Financial Post 15-March-2010 Air Canada’s chief executive stepped up his attack on Persian Gulf airline Emirates Monday, characterizing his rival as a state-sponsored leech with too many planes that wants to suck passengers from other carriers.
In his latest assault on the United Arab Emirates’-based airline, Air Canada chief executive Calin Rovinescu said Emirates is aiming to win more access to Canada’s airports only because it wants to unload surplus capacity into the country.
“Emirates’ real aim is to dump its excess capacity resulting from too many wide-body aircraft commitments, including A-380s, into the Canadian market, just as it has elsewhere in the world,” Mr. Rovinescu said in a speech to a business audience at the Canadian Club of Montreal. “As a state-owned carrier with access to virtually unlimited capital, it would siphon passengers from other carriers who are making connections en route and connect them through its Dubai hub instead.”
Because airlines flying internationally from Canada rely on connecting passengers to fill their flights, the loss of these passengers would lead to cuts in service and eventually to the elimination of some direct service to European destinations from secondary hubs, Mr. Rovinescu said. He argued that would ultimately mean fewer choices for travellers, not more as Emirates argues.
Mr.
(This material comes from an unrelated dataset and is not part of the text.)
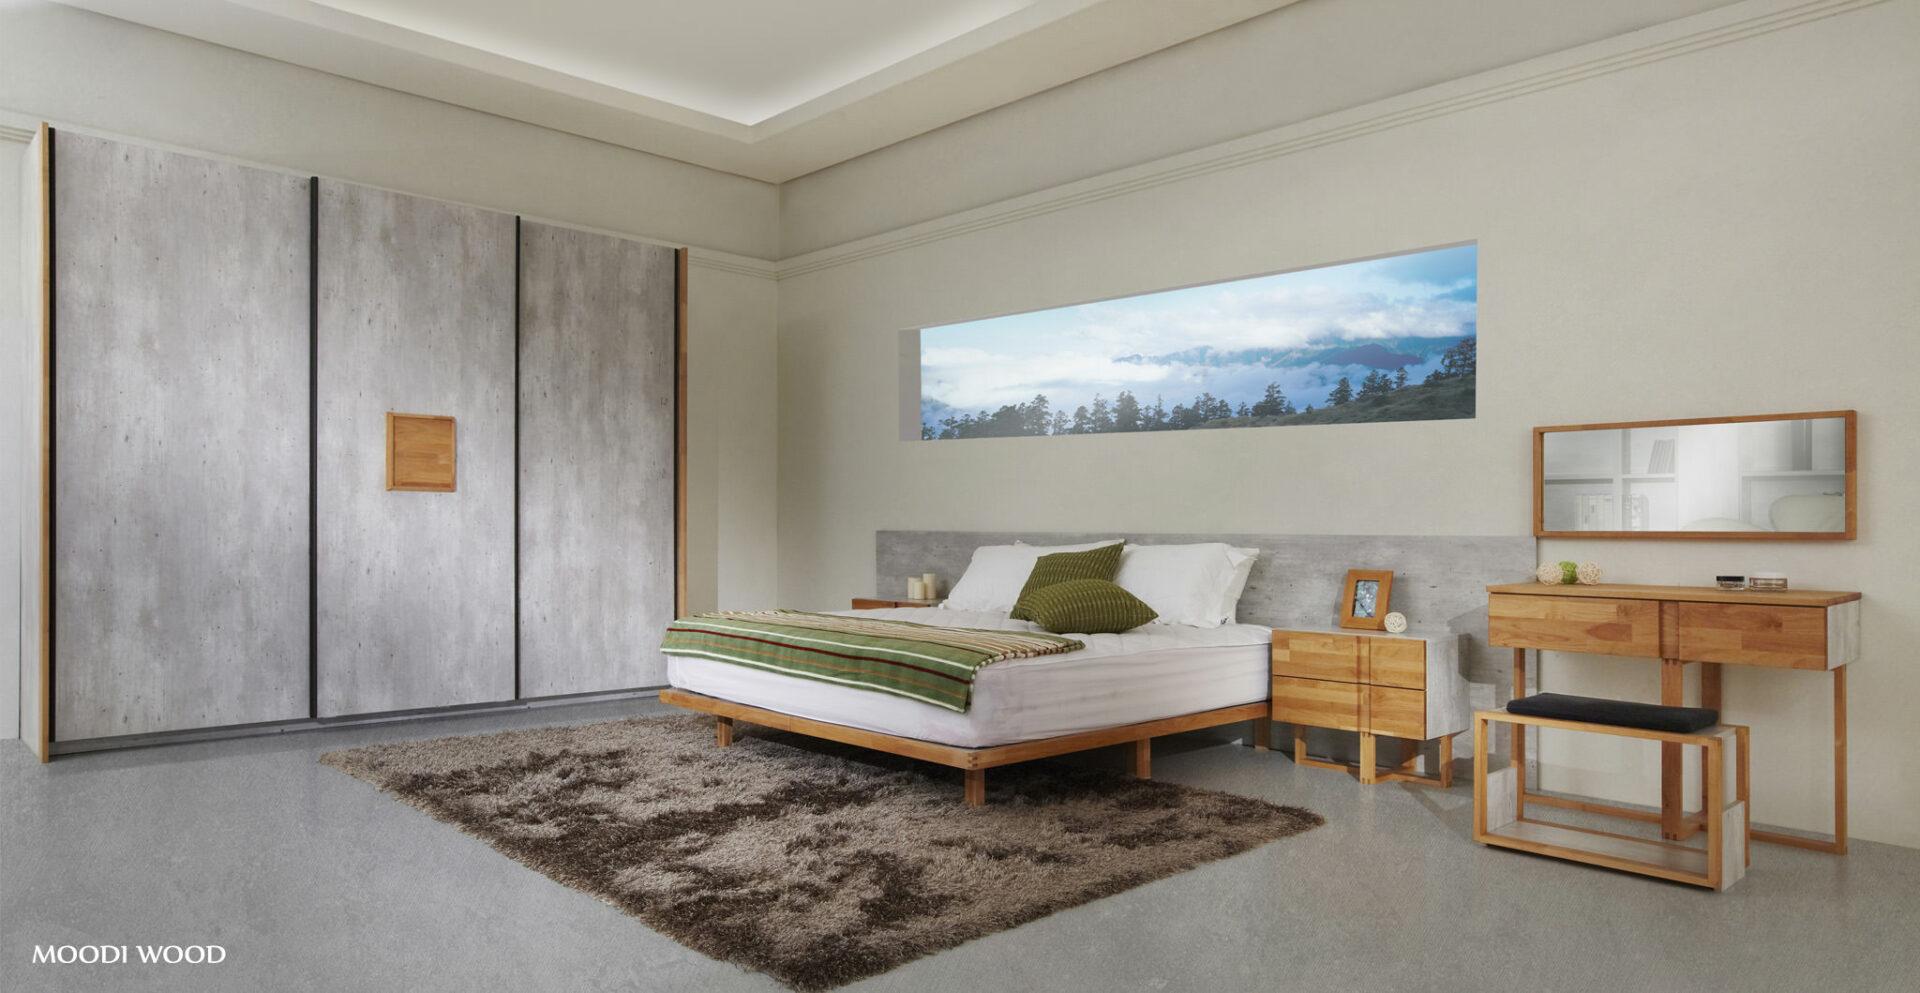 moodi-wood_20161118_fm-bedroom_210

Rovinescu said he has been “particularly exorcised” by Emirates actions because the UAE has linked the debate over greater bilateral access for Canadian and UAE-based carriers to Canada’s continued access to the Camp Mirage military logistics base there. “How’s that for no state involvement in their affairs?”
The UAE has increased pressure on Ottawa in recent weeks in its efforts to get additional landing rights for its commercial airlines Emirates and Etihas Airways, suggesting that the renewal of Canada’s lease on the Camp Mirage forward operating base could be in jeopardy when it comes up for renewal in June if those landing rights are not granted.
Air Canada and Emirates executives have been waging a war of words over the past week after Emirates asserted that more flights from Dubai to Canada would generate $480-million of economic activity and 2,800 new jobs. Mr. Rovinescu last week called those claims “the stuff of fairy tales.” That prompted Emirates’ senior vice-president of international affairs, Andrew Parker, to charge that Air Canada benefits from Canadian protectionism, which it argues hurts consumers.
In his speech, Mr. Rovinescu said the key to the growth of Montreal as an airline hub lies in channeling connecting traffic through the airport. “We think we can connect a lot more traffic through Montreal between the U.S. and Europe, and Middle East and Africa, he said.